Log Transformation Interpretation

Because loan_approved is a binary variable, the log transformation does not make the distribution normal. It only changes the values from 0 and 1 to 0 and log(2). Therefore, log transformation is less useful for binary classification targets than for skewed continuous variables.

Theoretical Distribution

The loan_approved variable follows a Bernoulli distribution because it has only two possible outcomes: 0 for rejected and 1 for approved. Therefore, a normal or log-normal distribution is not appropriate for this target variable.

Conclusion

In this Stage 1 report, two datasets were prepared for future predictive modeling. The first dataset is a regression dataset that predicts exam scores using student characteristics.

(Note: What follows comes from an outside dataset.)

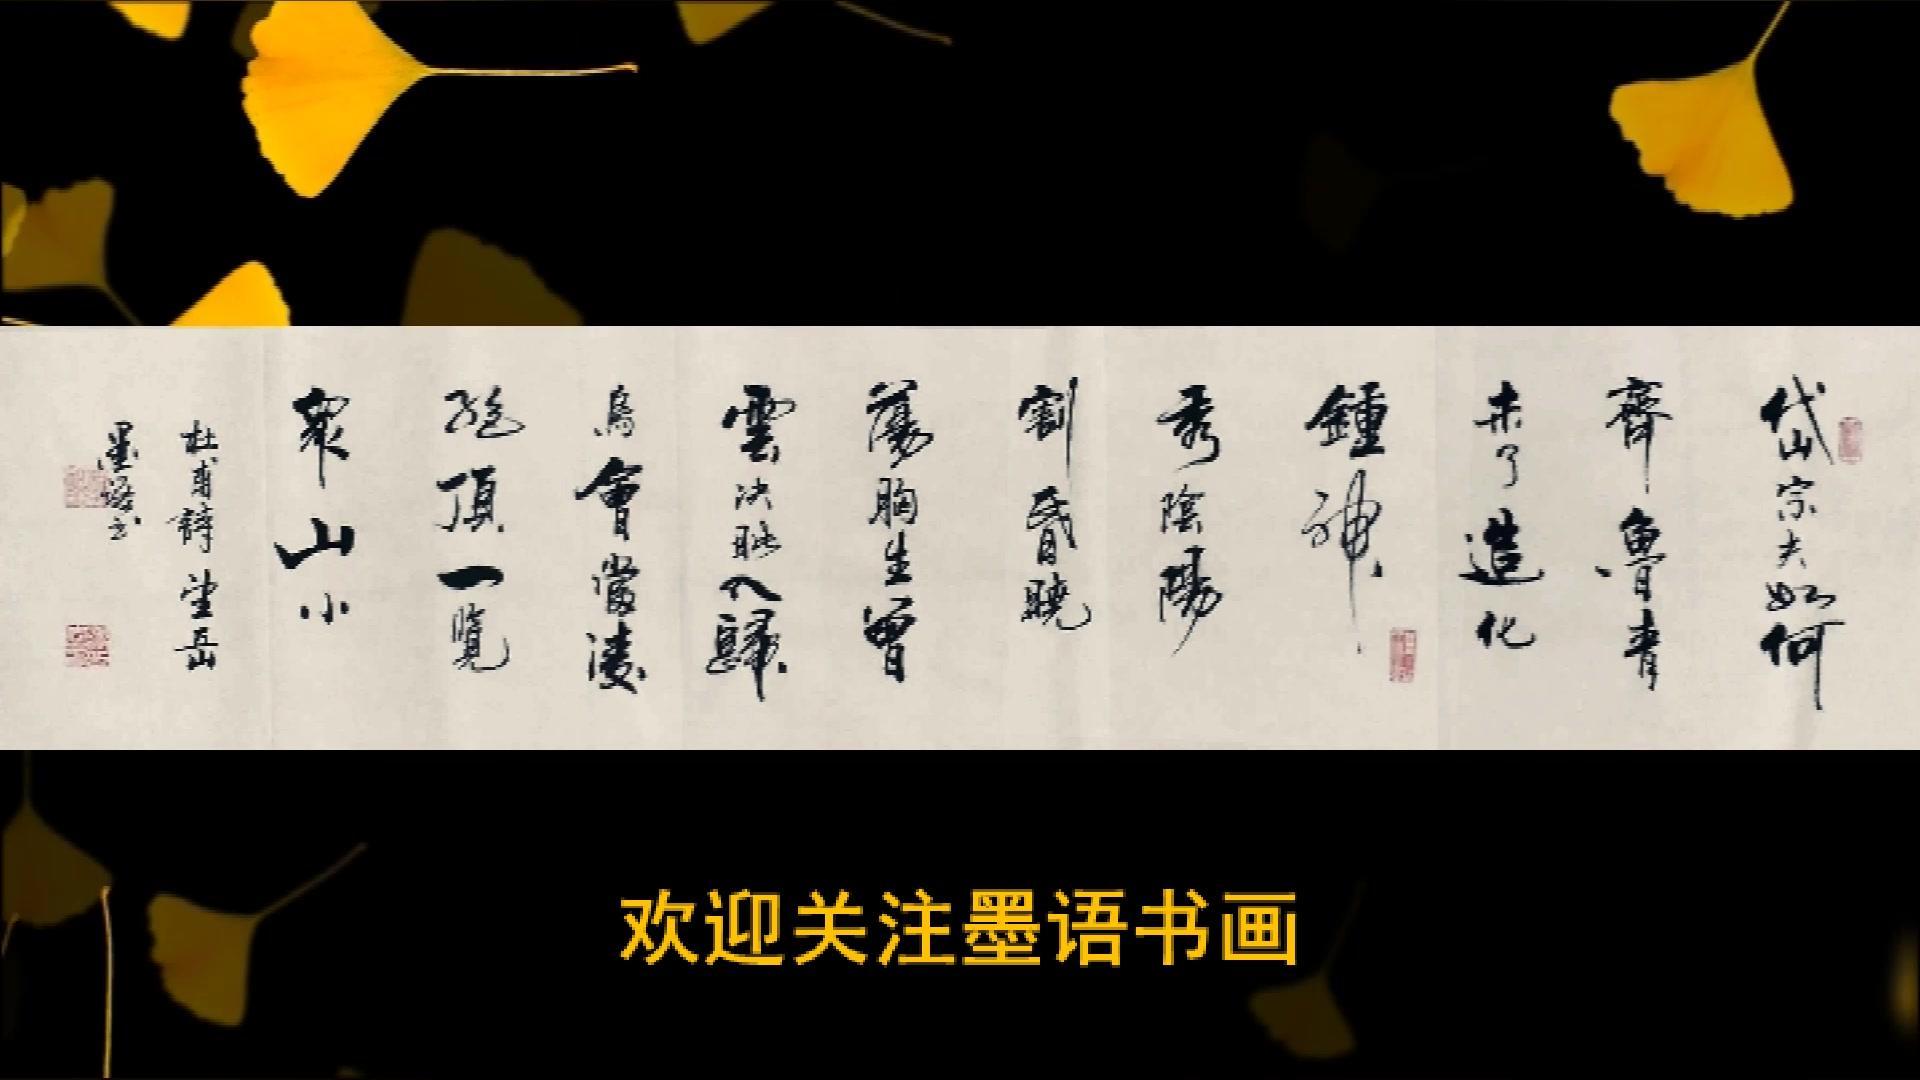 杜甫5言诗《望岳》,这书法苍劲飘逸,百看不厌!美不胜收!

The second dataset is a classification dataset that predicts loan approval status using applicant characteristics.

The probability analysis showed that exam scores are approximately normally distributed, while loan approval status follows a Bernoulli distribution. Both datasets satisfy the project requirements because they include more than 500 observations and at least 5 variables. These datasets are now ready for Stage 2, where predictive models will be built, compared, and evaluated.